First Call has compiled a list of 21 recommendations for the provincial and federal governments to combat child poverty. It’s an expensive list — most of the recommendations require increased expenditures — but failure to tackle this problem effectively would be far more costly.
According to the 2017 Child Poverty Report Card issued by First Call — the B.C. Child and Youth Advocacy Coalition, one in five children in the province are living in poverty. It’s one of the highest child-poverty rates in the country, a dismal record B.C. has held for more than a decade.
It’s not about where B.C. stands in relation to other provinces, it’s about 153,000 children living in poverty, whose futures are dim, whose opportunities are scant, many of whom will be doomed to a lifetime of poverty unless something can be done to break the cycle.

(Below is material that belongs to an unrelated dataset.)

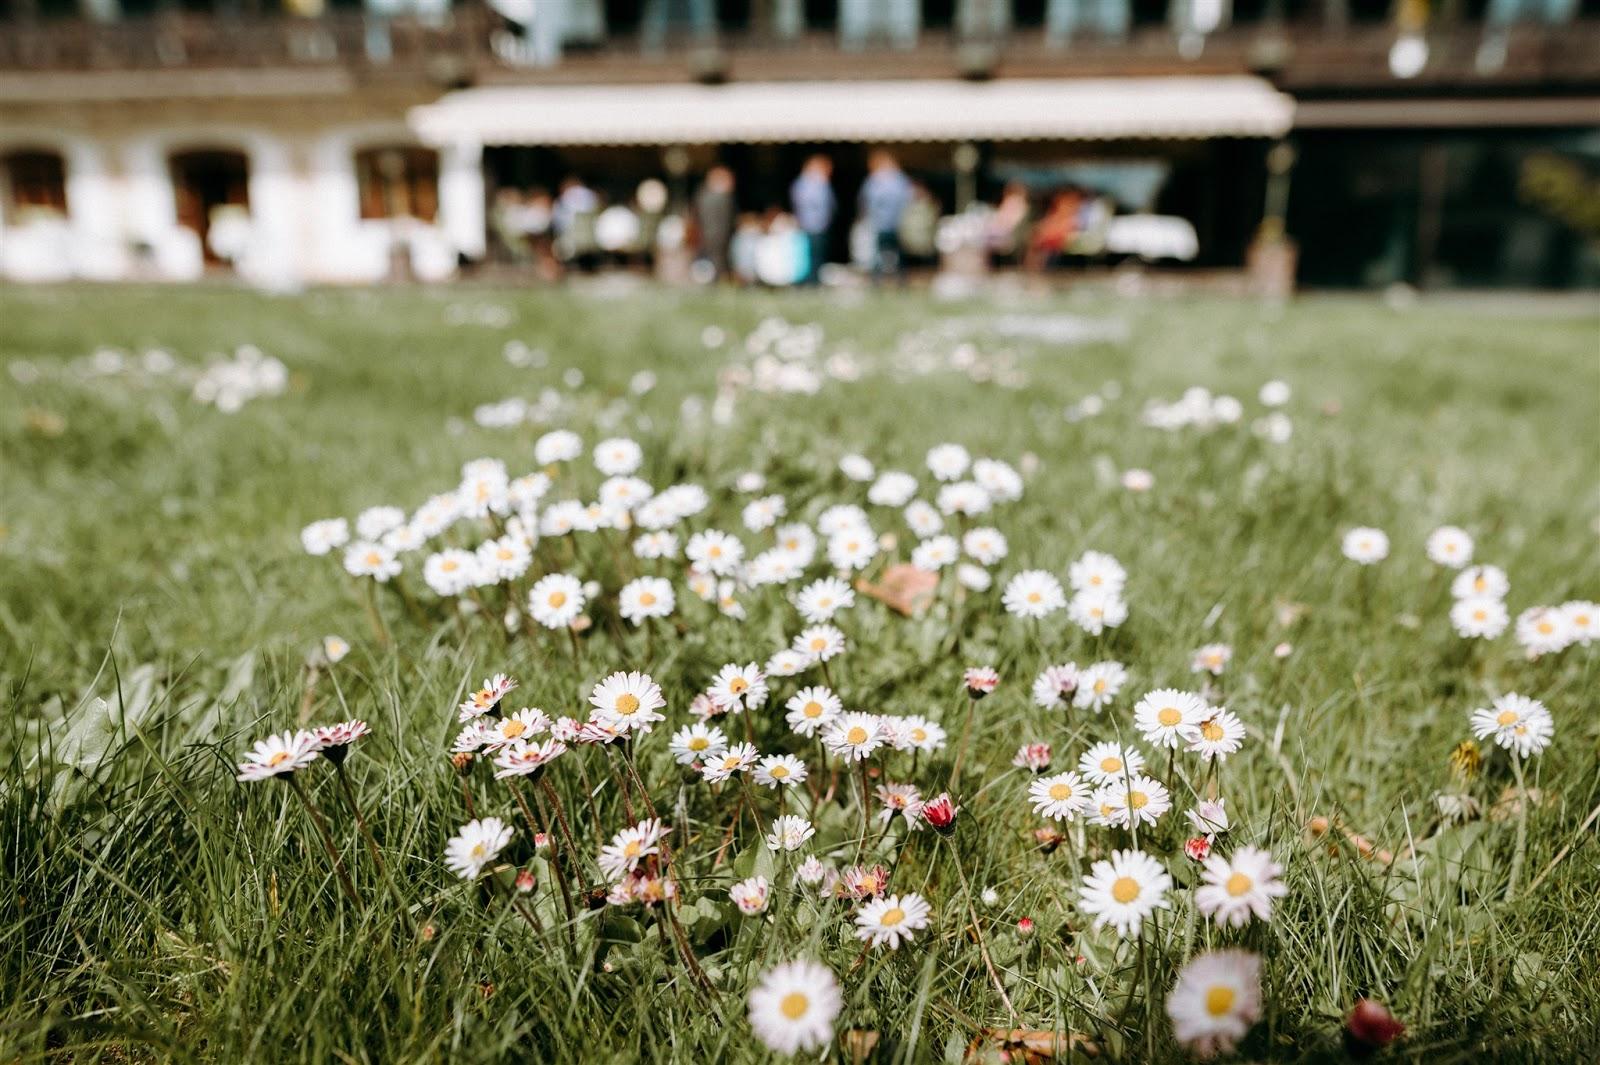 Daisies, Mountain wedding, Berghochzeit, destination wedding Bavaria, Wallgau, photo credit Magnus Winterholler Gipfelliebe, wedding planner Uschi Glas 4 weddings & events

Poverty isn’t just a matter of going hungry today — it closes doors on tomorrow. As much as we might relish Horatio Alger-type stories of poor children rising out of poverty to achieve success, such stories are more the exception than the rule.
Research consistently shows that poverty is linked to poor physical and mental health, domestic violence, higher crime rates and lower educational and career achievements. We like to believe we are an egalitarian society, but a child living in poverty is not on equal footing with a child who has a comfortable home, enough to eat, decent health care and the opportunity for a good education.
Helping people climb out of poverty will pay dividends; they become contributors to society, rather than enduring a lifetime of drawing on public resources.
And the time to offer that help is now. “It is easier to build strong children than it is to repair broken men,” said U.S. abolitionist Frederick Douglass.
The former B.C. Liberal government consistently balked at forming a child-poverty strategy, giving priority to economic matters on the premise that a strong economy with good employment opportunities is the best way to combat poverty. A healthy economy is a worthy goal, but that in itself will not banish poverty. Some like to say a rising tide lifts all boats, but when the tide is risen, the yachts are still yachts and the leaky little skiffs are still leaky little skiffs.
B.C.’s NDP government is in the process of forming a child-poverty strategy, and that’s commendable. But it needs to be more than talk.
And while more funding will be necessary, money alone isn’t the answer. Resources need to be intelligently used; action needs to follow plans.
Fighting child poverty is a complex challenge, requiring co-operation among multiple ministries and agencies. A plan won’t magically make poverty disappear, but it’s a necessary step in moving toward that goal.